# Kentucky Derby winner War Emblem gelded after refusing post-import test breedings



## egrogan

TB stallion (Kentucky Derby winner) War Emblem was recently imported back to the US from Japan. He showed almost no interest in breeding during his stallion career, and was coming home to be retired. However, he refused to breed the required two test mares to clear quarantine, which presented his owners with a conundrum. Because he couldn't meet that requirement, his new owners opted to have him gelded. 

That test breeding requirement was fascinating to me. I'm quite sure I'll never have a breeding stallion, let alone one coming from overseas, but that requirement sure gave this story an interesting twist.
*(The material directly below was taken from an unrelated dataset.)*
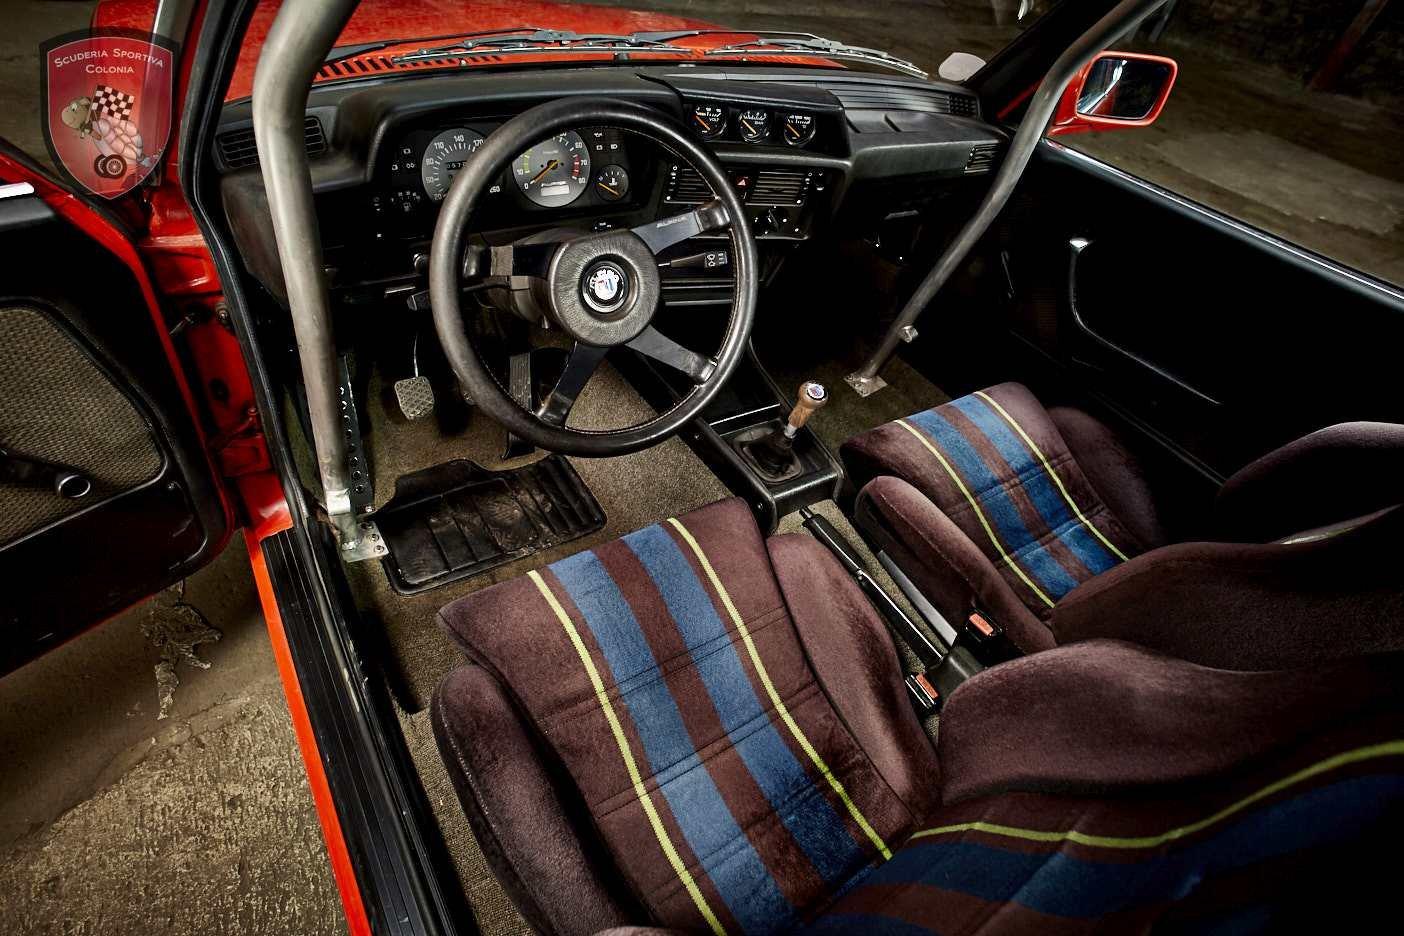 1982 BMW 323 Alpina C1 (E21) For Sale (picture 4 of 6)

Here's the full story about his return and gelding as he moves on to his retirement home: Auburn Veterinarians Perform Surgery on Kentucky Derby Winner - Auburn University | College of Veterinary Medicine

Wonder if any of our Forum breeders who deal with international sales have ever faced a similar challenge with stallion import?


----------



## HombresArablegacy

Very interesting. I'm wondering why a stallion would be required to test breed 2 mares while in quarantine? What is the point? I'm sure mares being imported aren't subject to test breeding in quarantine. I just don't get it.
[ai]Posted via Mobile Device[/i] 


Well, it would help if I read the article, lol. But there's more than one way to extract semen from a stallion to test for CEM, correct? ??


----------



## Cherie

There are exotic venereal diseases that can be transmitted in semen that cannot be detected with blood tests. Semen testing is one of the requirements for sending stallions to some countries. I have only exported stallions, so I am not sure what US requirement are for import. I have had to have blood tests done for CEM (per export requirements) and had to have semen cultures done but I think that was per buyer's instructions. Every country has its own regulations for import.


----------



## EliRose

It was either geld him or euth him if they couldn't test him for CEM. Which was not going to happen with a dual-classic winner.
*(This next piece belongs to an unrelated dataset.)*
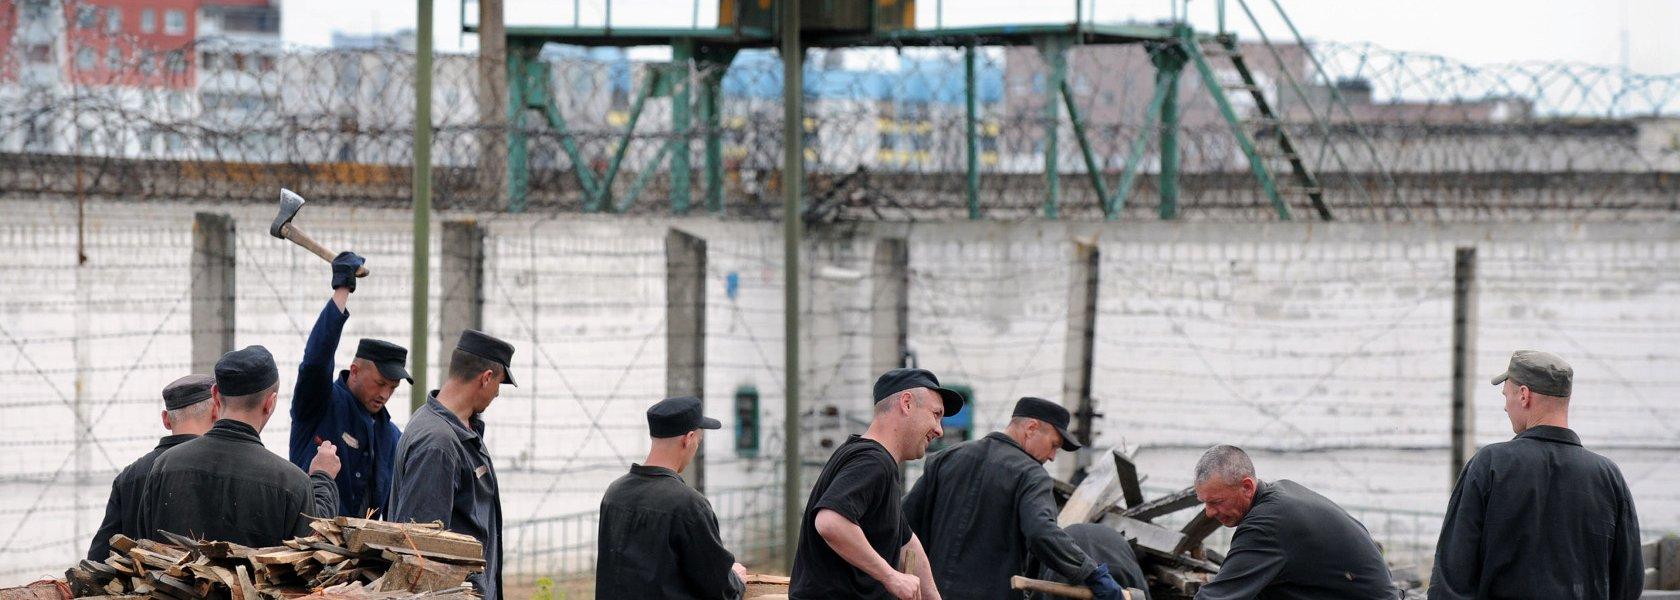 majikan kejam eksplotasi tindas pekerja belarus

I have a lot of mixed feelings about War Emblem, a known bad actor who doesn't like other horses (he'd attack mares he wouldn't breed) or people, being brought to Old Friends. For those who don't know, Old Friends is a retirement farm that also does farm tours, for both horse and non-horse people. War Emblem was originally going to be put next to other stallions, including Sarava, who denied him his Triple Crown. That would not have ended well.

Currently, he's behind TWO fences.

War Emblem was a superstar in Japan and very well-loved and taken care of. He was a PHENOMENAL stallion for what he bred. His first crop, of only four, all ended up as stakes horses. He has a champion daughter. The reason he was offered to Old Friends was because one of his (much kinder) sons was entering stud - at 8!

More info:
Champion War Emblem gelded at 17


----------



## Jan1975

I'm not sure what the big deal about gelding him is if they didn't plan on breeding him again anyhow.


----------



## 4horses

If they have to breed 2 mares to import a stallion, what happens to the resulting foals?


----------



## EliRose

4horses said:


> If they have to breed 2 mares to import a stallion, what happens to the resulting foals?


They're aborted.


----------



## EliRose

Jan1975 said:


> I'm not sure what the big deal about gelding him is if they didn't plan on breeding him again anyhow.


It's more so the lack of planning . . . They tried for literal MONTHS to get him to cover two mares in the states. If they could have somehow gotten War Emblem to jump a mare, the Japanese probably would have wanted him back lol.


----------



## Dwarf

I always find horse behavior interesting, so for those who would know...what would cause a stallion to not want to cover a mare? I'm assuming he was healthy and capable.

Was there training done perhaps during his race days to keep him 'focused' on competing rather than looking at mares? Although I find it hard to believe that could shut off a stallion permanently, especially since they tried for months to get him to do it.


----------



## EliRose

Dwarf said:


> I always find horse behavior interesting, so for those who would know...what would cause a stallion to not want to cover a mare? I'm assuming he was healthy and capable.
> 
> Was there training done perhaps during his race days to keep him 'focused' on competing rather than looking at mares? Although I find it hard to believe that could shut off a stallion permanently, especially since they tried for months to get him to do it.


War Emblem has never been mentally "right." He has always been a weird, aggressive horse. This is a horse that out of nowhere attacked a hay bale and tried to kill it . . . While being led by his trainer during an interview.

When he lost the last leg of the Triple Crown, this was what Bob Baffert said: "He was so one-dimensional and such an irritable horse as it was, as soon as he was behind horses, I had to sit there for 2½ minutes waiting for the race to be over."

Why he acts like this is the $17.7 million question. There is some thought that he has confidence issues.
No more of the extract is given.